First pressing on limited edition indies only translucent green vinyl!

Poised to blow the cobwebs off life and unleash some much-needed wit and charm upon us, Sleaford Mods today announce the release of their astonishing 6th studio album, entitled Spare Ribs, out via Rough Trade!

The polemical Jason Williamson and dexterous producer Andrew Fearn kick against the pricks with unrivalled bite, railing against hypocrisy, inequality and apathy with their inimitable, scabrous sense of humour. And Spare Ribs, their astonishing 6th album, featuring Amy Taylor of Melbourne punks Amyl and the Sniffers and the British newcomer Billy Nomates, finds the duo charged with ire at the UK Government’s sense of entitlement, epitomised by its devil-may-care approach to the coronavirus crisis.
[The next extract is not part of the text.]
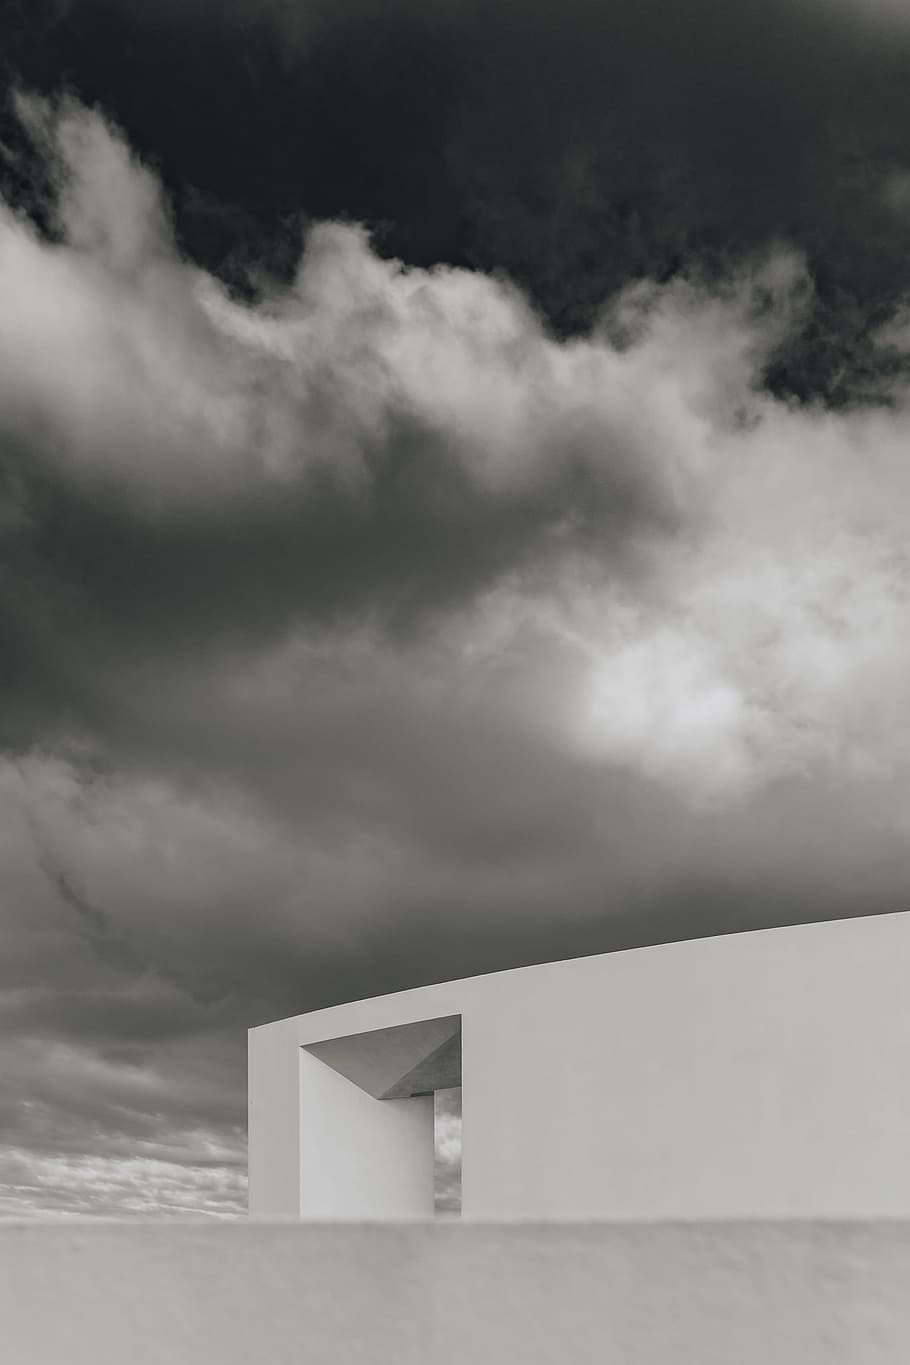 casas portuguesas contemporáneas, arquitectura, diseño, fachada, casa, portugal, algarve, nube - cielo, cielo, estructura construida

Commenting on the new album Jason says, “Our lives are expendable under most governments, secondary under a system of monetary rule. We are stock if you like, parts on a shelf for the purposes of profit, discarded at any moment if fabricated or non-fabricated crisis threatens productivity. This is constant, obviously and notably in the current pandemic. The masses cannot be present in the minds of ill-fitting leaders, surely? Or else the realisation of their catastrophic management would cripple their minds. Much like the human body can still survive without a full set of ribs we are all ‘spare ribs’, preservation for capitalism, through ignorance and remote rule, available for parts.”

Spare Ribs is the sound of a band so sure of their own sonic terrain that they can now explore its outer regions. The album’s title, Jason says, emerged from “the idea of the amount of people that died from the first wave of coronavirus; human lives are always expendable to the elites… We’re in a constant state of being spare ribs.” Yet Sleaford Mods are an essential part of Britain’s musical anatomy.